- Сегодня я ассистирую у себя в больнице при операции над большевиком, командармом Гавриловым.
   - Это тот, который,- сказала Екатерина Павловна,- который... ну, в большевистских газетах... ужасное имя! - А почему не вы оперируете, Павел Иванович?
   - Ну, ничего особенно ужасного нет,- конечно,- ответил профессор,- а почему Лозовский,- сейчас время такое, молодые в моде, им выдвигаться надо. А все-таки, в конце концов, больного никто не знает после всех этих консилиумов, хоть его прощупывали, просвечивали, прочищали и просматривали все наши знаменитости. А самое главное - человека не знают, не с человеком имеют дело, с формулою,- генерал номер такой-то, про которого каждый день в газетах пишут, чтобы страх на людей наводить. И попробуй сделать операцию как-нибудь не так, по всем Европам протащат, отца позабудешь.
   Профессор опять рассердился, засопел, зафыркал, спрятал глаза в волосы, поднялся из-за стола, крикнул в дверь, ведущую в кухню: - "Маша, сапоги!" - и пошел в кабинет одеваться. Расчесал брови, бороду, усы, лысину, надел сюртук, засунул в задний - в фалде - карман свежий носовой платок, обулся в сапоги с самоварно начищенными головками и рыжими голенищами, посмотрел за окно: подана ли лошадь, лошадь у парадного уже стояла, кучер Иван, двадцать лет проживший у профессора Кокосова на кухне, смахивал с сиденья снег.
   Комната профессора Анатолия Кузьмича Лозовского не была похожа на квартиру Кокосова. Если квартира Кокосова законсервировала в себя рубеж девяностых и девятисотых российских годов, то комната Лозовского возникла и консервировалась в лета от тысяча девятьсот седьмого до девятьсот шестнадцатого. Здесь были тяжелые портьеры, широкий диван, бронзовые голые женщины в качестве подсвечников на дубовом письменном столе, стены затянуты были коврами и висели на коврах картины, второй сорт с выставок "Мира искусств". Лозовский спал на диване, и не один, а с молодой красивой женщиной; крахмальная его манишка валялась на ковре на полу. Лозовский проснулся, тихо поцеловал плечо женщины и бодро встал, дернул шнурок занавески. Тяжелая суконная занавесь поползла в угол, и в комнату пришел снежный день. Радостно, как могут глядеть очень любящие жизнь в самих себе, Лозовский посмотрел на улицу, на снег, на небо, заботливо, как это делают по утрам холостяки, оглянул комнату,- и, прежде чем пойти умываться, в пижаме и лаковых ночных туфлях, стал убираться в комнате, убрал со стола, поставил на книжный шкаф недопитую бутылку красного вина, вазу с печеньем поставил на книжный шкаф, на нижнюю полку, перебрал на столе пепельницу, чернильницу, блокноты, книги. Воткнул в штепсель провод от электрического чайника, всыпал в чайник кофе, женщина спала, и видно было, что эта женщина того порядка женщин, которые любят и отдаются любви тихо и преданно. Она сказала, просыпаясь:
   - Милый,- открыла счастливо глаза, увидела бодрый зимний день, снег на деревьях,- поднялась с постели, сложила молитвенно руки, счастливо крикнула: Милый, первый снег, зима, милый...

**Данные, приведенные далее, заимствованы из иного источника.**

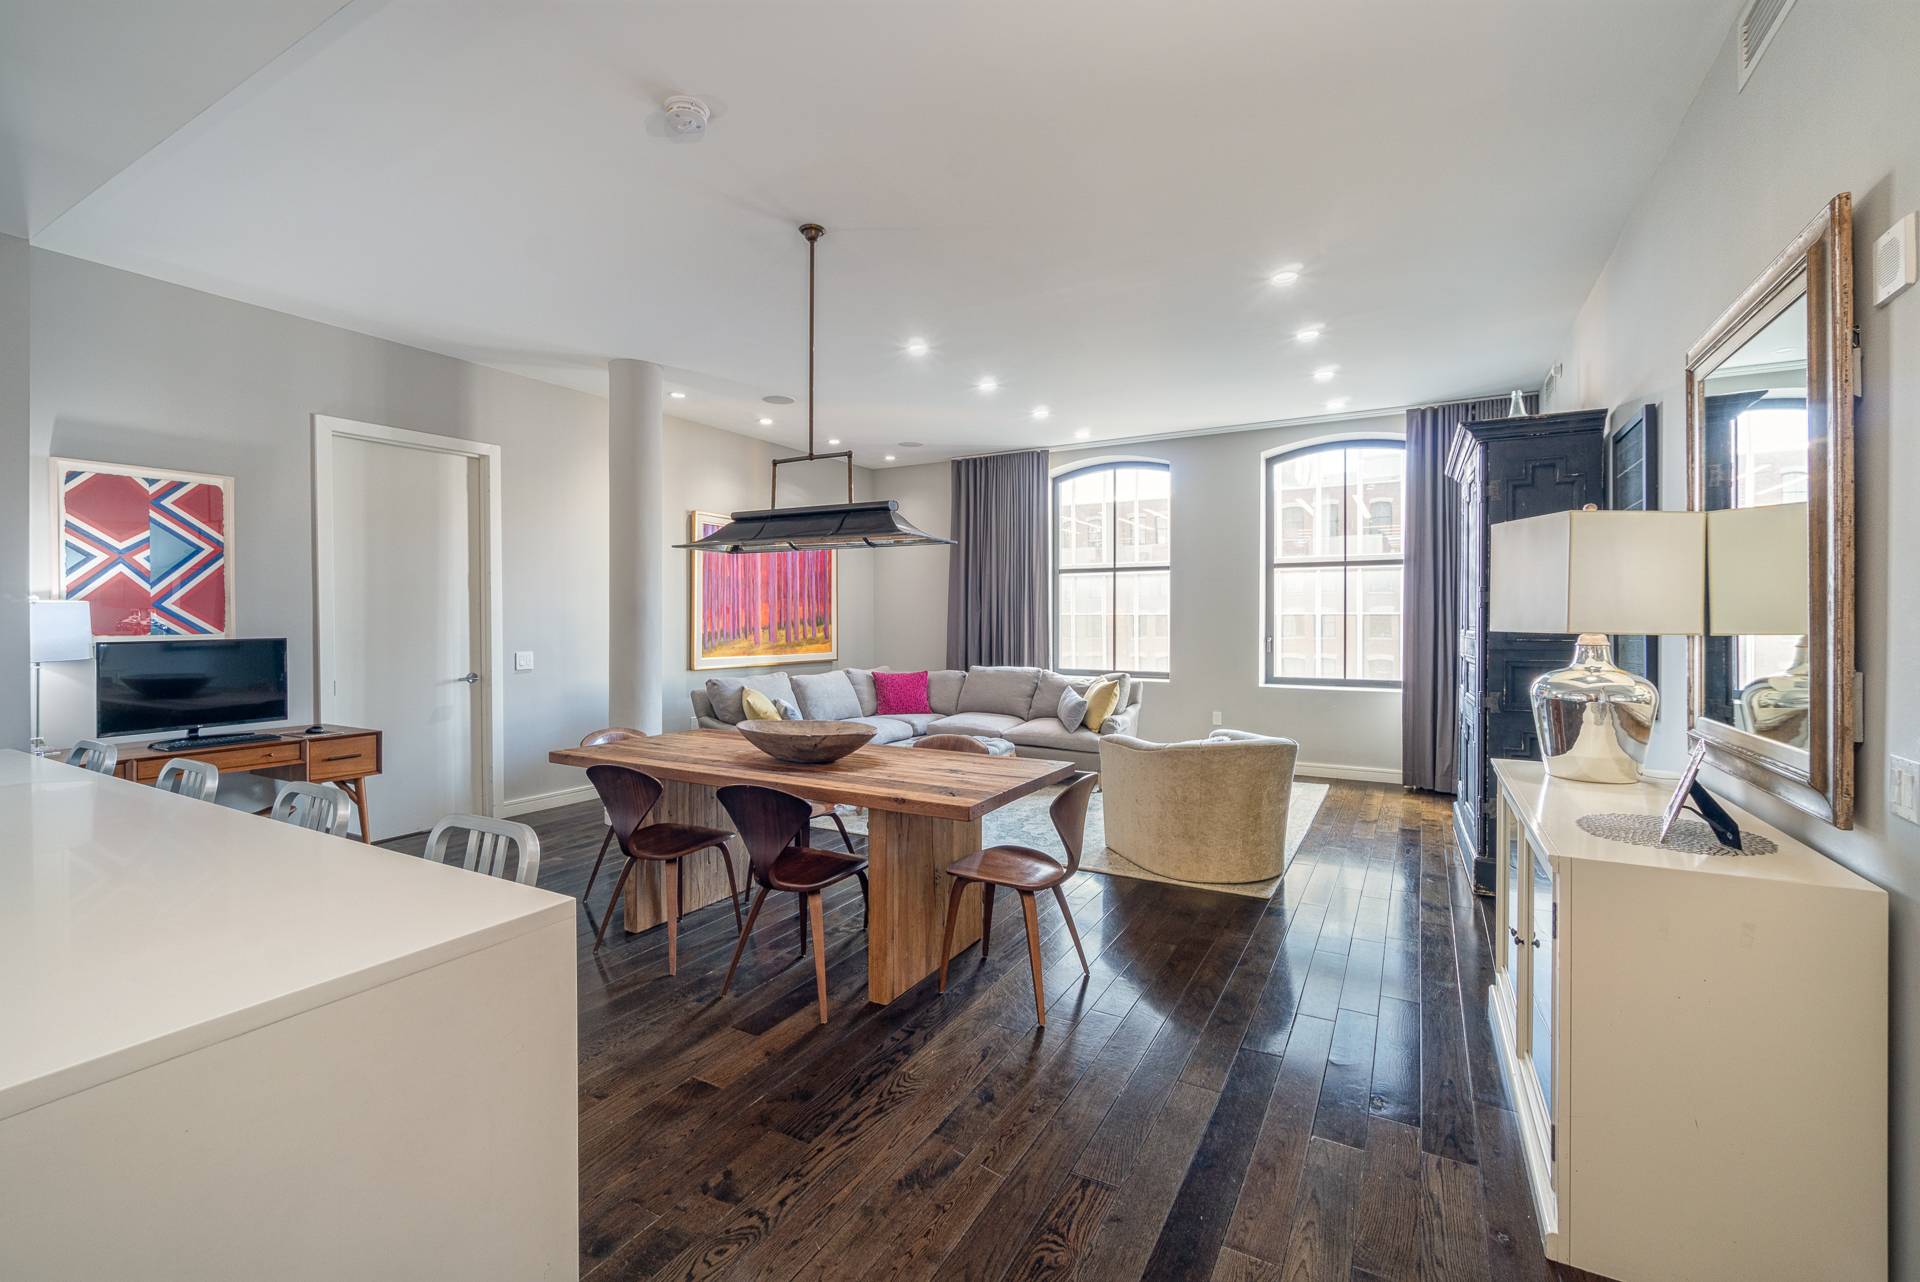 In TriBeCa's landmark historic district, this 2 bedroom, 3 bathroom, luxury home with an office is spectacular with a great layout and modern finishes.

   Профессор большие белые свои руки положил на плечи женщины, прислонил ее голову к себе, сказал:
   - Да, да, зима,- весна моя, ландыш мой...
   В это время позвонил телефон. Телефон у профессора висел над диваном, за ковром. Профессор взял трубку - "да, да, вас слушают". В телефон говорили из штаба, спрашивали, не надо ли прислать за профессором автомобиль.
   Профессор ответил:
   - Да, да, пожалуйста! Об операции нечего беспокоиться, она пройдет блестяще, я уверен. Насчет машины - пожалуйста - тем паче, что мне надо перед операцией заехать по делам. Да, да, пожалуйста, к восьми часам.
   Профессор повесил трубку и сказал женщине, радостно, с гордостью:
   - Ландышек, одевайся, за мной зайдет машина, я тебя прокачу и отвезу домой. Спеши! - И он обнял женщину, положив голову к ней на плечо, обнял женщину и положил голову так, как это делают очень счастливые люди.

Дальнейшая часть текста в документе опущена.